Müller-Herrmann zog sich einen speckigen Trenchcoat über und stülpte sich einen Pepitahut über den Kopf.
“Ich muss los. Hab ‘nen Termin. Es braucht sicher noch ein paar Stunden, bevor der Kopf richtig fest sitzt. Dann muss ich auch noch seine Brust zu machen. Herr Schneider, ich melde mich.” Der warf noch einen letzten Blick auf den Mann aus dem Schließfach. Dann ging auch er.


Acht Uhr abends.

Er saß lustlos mit ein paar Salzstangen vor dem Fernseher, als sich sein Telefon meldete.
“Herr Schneider! Er ist weg!”
“Wer? Meduso?”
“Genau der. Als ich in den Sezierraum ging, kam er hinter der Tür hervor und schlug mich bewusstlos. Ich bin gerade zur Besinnung gekommen. Er hat mir meine Klamotten gestohlen. Hut, Mantel, Hemd, Hose, Schuhe. Alles.”
“Wann hat er Sie niedergeschlagen?”
“Vor einer halben Stunde, und irgendwas hörte ich, bevor ich abtauchte. Emma, genau. Er sagte Emma.”
“Emma!” Schneider ließ den Hörer auf die Gabel fallen, sprang auf und griff nach seiner Jacke.
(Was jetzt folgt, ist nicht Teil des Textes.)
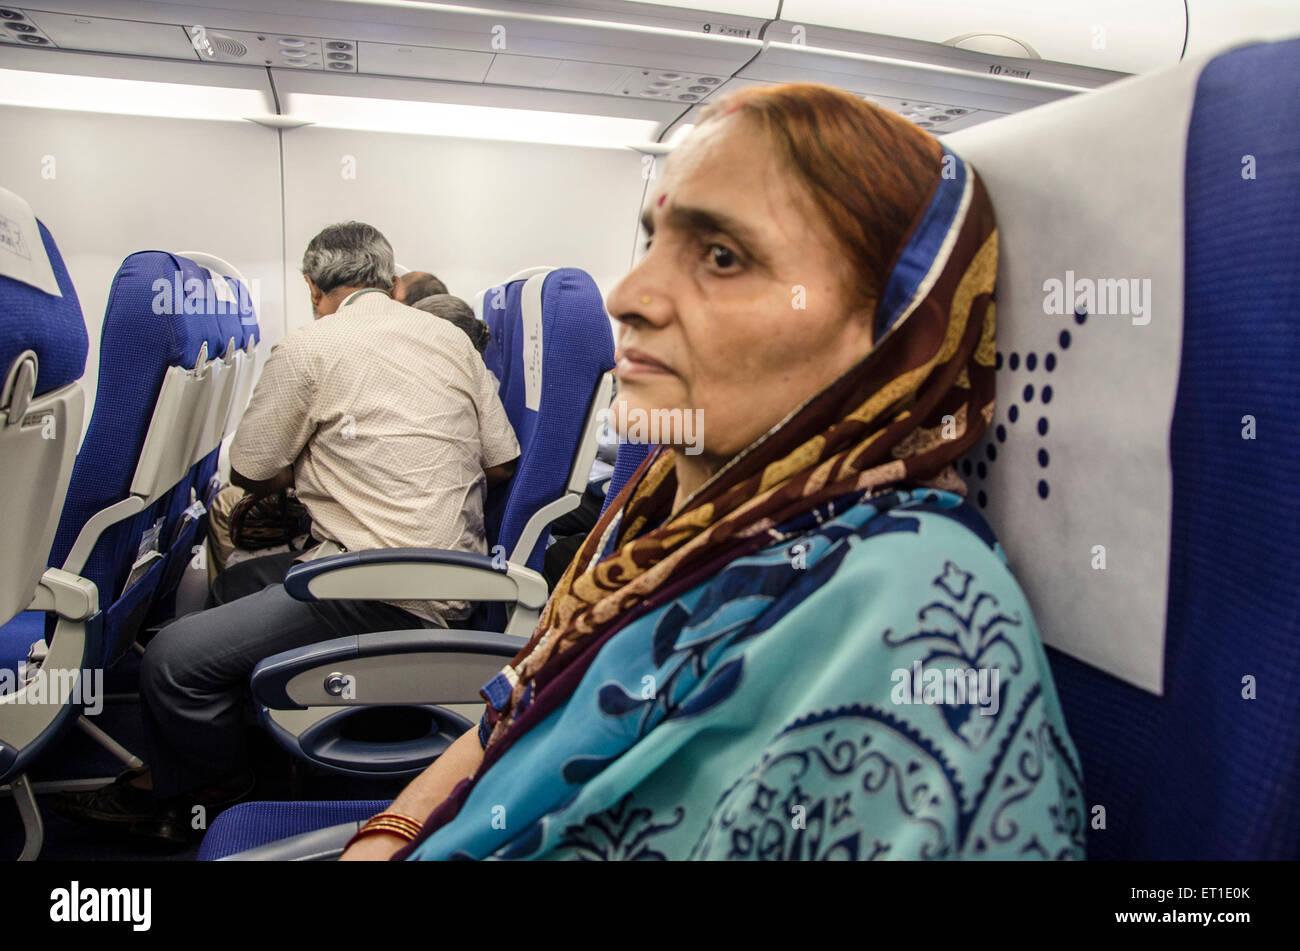 Passengers in Airplane Kolkata West Bengal India Asia MR#'704 Stock Photo

Nachdem Schneider seinen Wagen im Rathsweg geparkt hatte, blieb er einen Moment im Wagen sitzen. Doch es gelang ihm nicht, seine Gedanken zu ordnen. Er stürzte die Treppe hoch und klingelte. Dann stand sie im Morgenrock vor ihm. Sommersprossen, Stupsnase, leicht geöffnete Lippen. Himmel, wie hatte er das vermisst!
“Was machst du denn hier?” Schneider drängte sie in den Flur.
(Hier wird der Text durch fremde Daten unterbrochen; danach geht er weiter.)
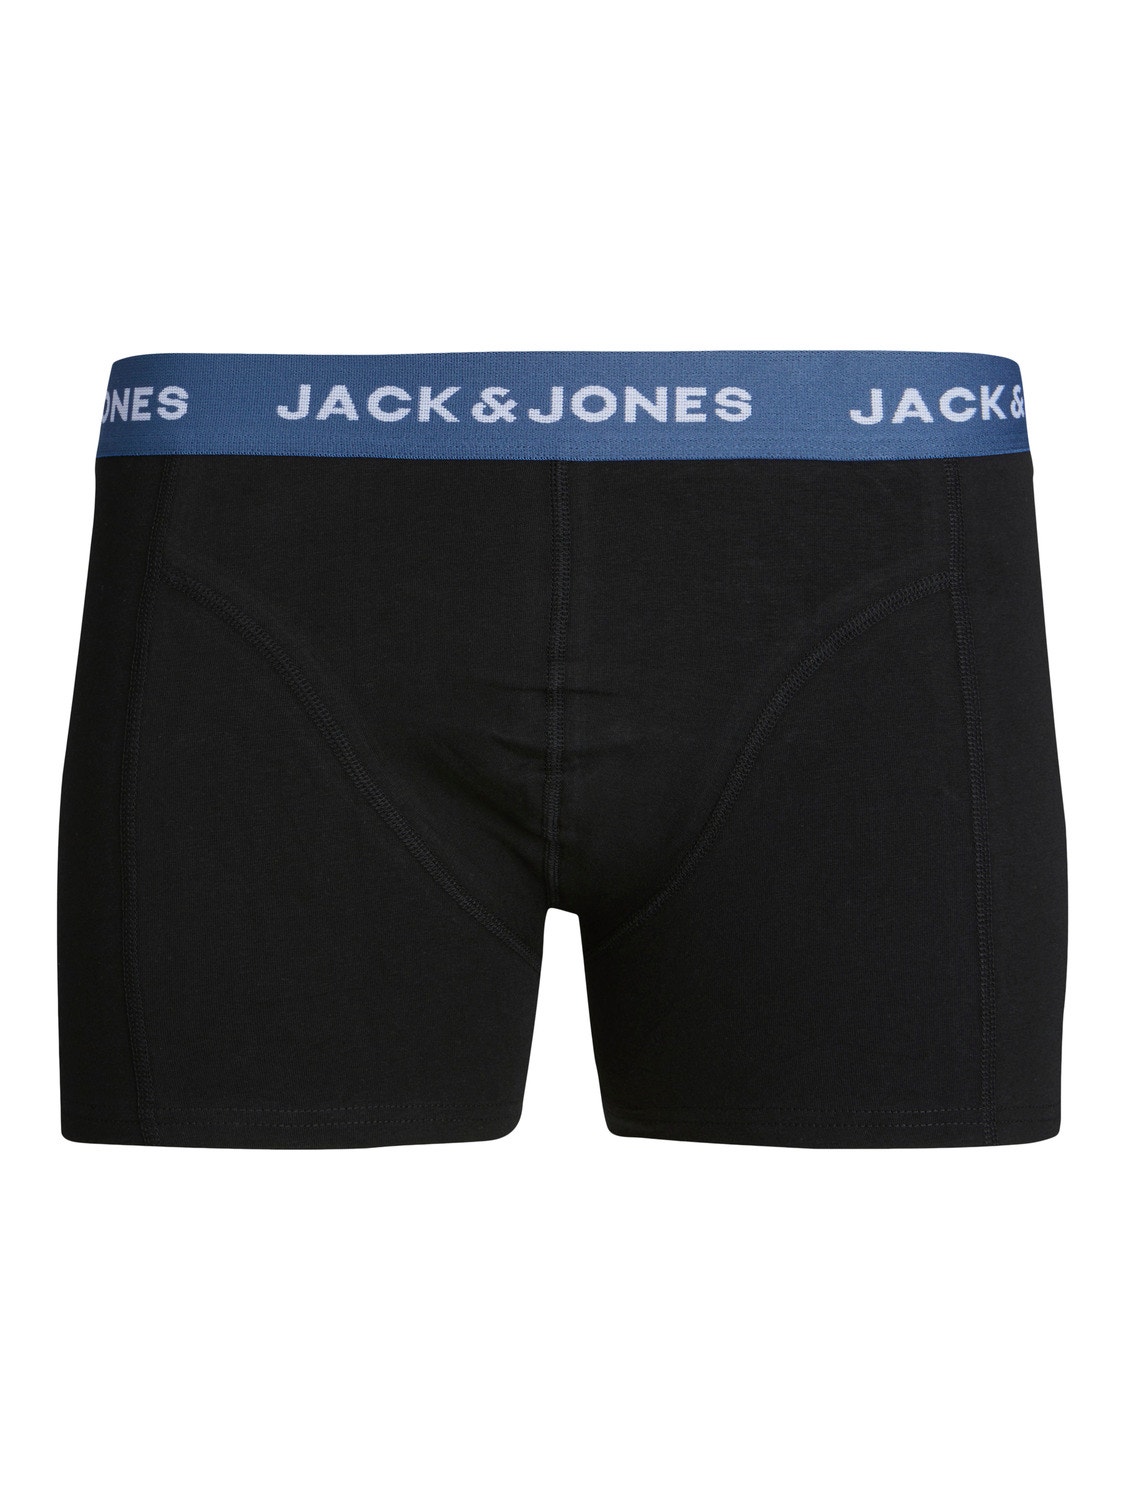 Jack & Jones Plus 3 Trunks -Dark Green - 12259899

“Lass mich rein! Du bist in Gefahr!”
“Heinrich, was soll das? Du kannst doch nicht einfach, ich bekomme....!”
“Mach die Tür zu”, unterbrach Schneider sie. “Ich kann dir das jetzt nicht erklären!” Er fuhr mit der Hand in seine Jackentasche.
“Verdammt, meine Sonnenbrille. Ich hab sie bei Müller-Herrmann liegen lassen. Emma!”, rief er, “geh ins Wohnzimmer und bleib dort.” Schneider ging im Flur auf und ab. Er würde kommen. Er würde kommen. In Schneider stieg das Grauen hoch. Er hörte Schritte, dann klopfte es an der Tür. Schneider perlte der Schweiß von der Stirn, als er seine Pistole zog, auf die Tür zielte und abdrückte. Ein schleifendes, dann ein dumpfes Geräusch. Schneider wartete einen Augenblick, bevor er die Tür öffnete.
Udo lag im Treppenhaus. Emma warf sich schluchzend über den Leichnam und bedeckte ihn mit Küssen. Tote Augen über eingefrorenem Grinsen. Schneiders Gedanken wüteten, dann gab es nur noch Trauer, Schmerz und ein Gefühl grenzenloser Einsamkeit. Emma und Udo. Wie lange schon? Schneider ging wie eine mechanische Puppe die Treppe hinab. Ein Mann in einem speckigen Trenchcoat kam die Stufen hoch. Den Pepitahut hatte er tief ins Gesicht gezogen. Meduso ging an ihm vorbei. Schneider sah nicht zurück.